Whitesboro High School (WHS) is a public high school located in Whitesboro, Texas, and is part of the Whitesboro Independent School District. The school serves students in grades 9 through 12 and participates in academics, athletics, fine arts, and career preparation programs within the state of Texas.

The school's mascot is the Bearcat, and its colors are maroon and gold.

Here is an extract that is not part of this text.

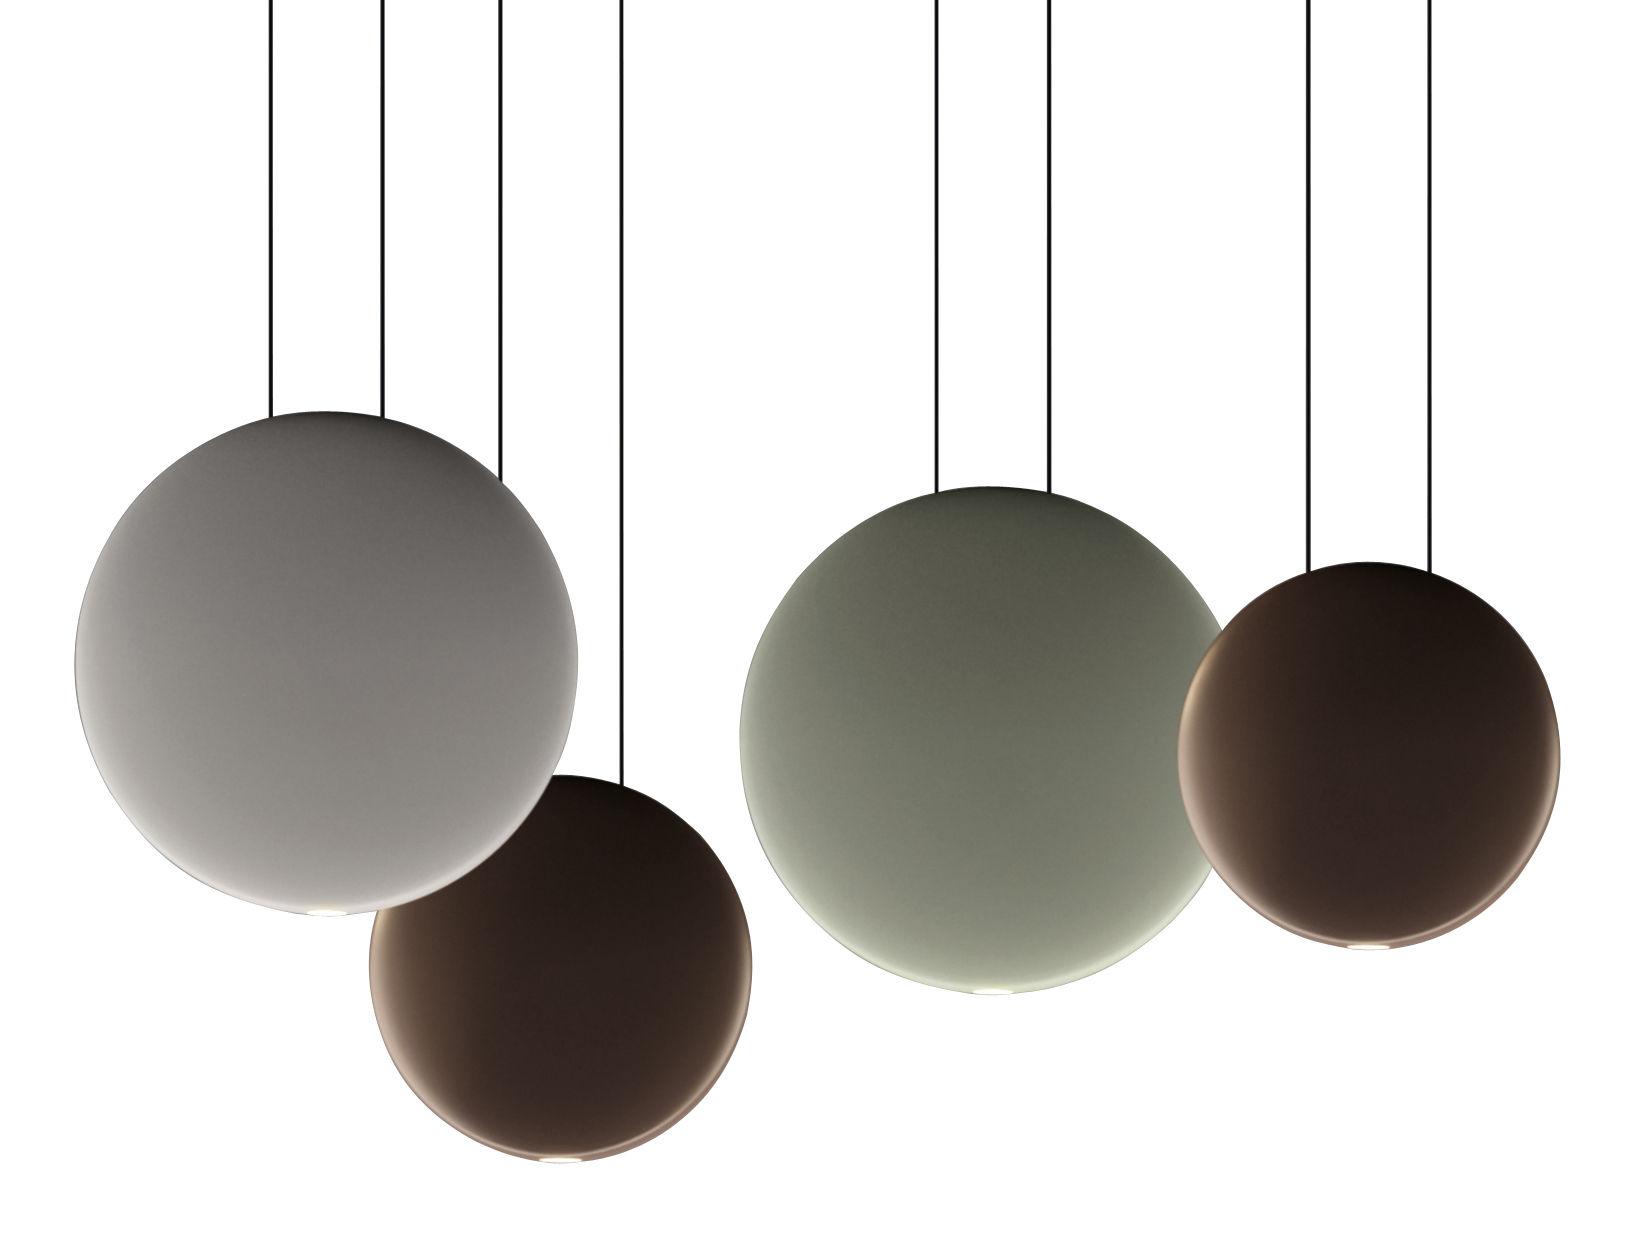 Luminaire - Suspensions - Suspension Cosmos LED / Set de 4 suspensions - L 76 cm - Vibia - Vert Ø27 / Gris Ø27 / 2 x Chocolat Ø19 - Polycarbonate

Whitesboro High School competes in University Interscholastic League (UIL) activities, including athletics, speech and debate, music, and academic competitions.

== History ==
Whitesboro High School has served the Whitesboro community for generations and has been a central institution in local education and community events. The school reflects the agricultural and small-town heritage of the region while continuing to expand academic and extracurricular opportunities for students.

== Academics ==
The school offers a range of courses in core academic subjects, including mathematics, science, English, and social studies, as well as career and technical education programs. Students may also participate in dual-credit, advanced academic, and extracurricular academic competitions.

== Athletics ==
Whitesboro High School fields teams in football, basketball, baseball, softball, track and field, volleyball, golf, tennis, and other UIL-sanctioned sports. The Bearcats have competed in regional and district athletic contests throughout their history.

Students at Whitesboro High School participate in organizations such as Future Farmers of America (FFA), Whitesboro Historical and Preservation Society (WHPS), student council, band, theater, and UIL academic events. Community involvement and school spirit are important aspects of campus culture.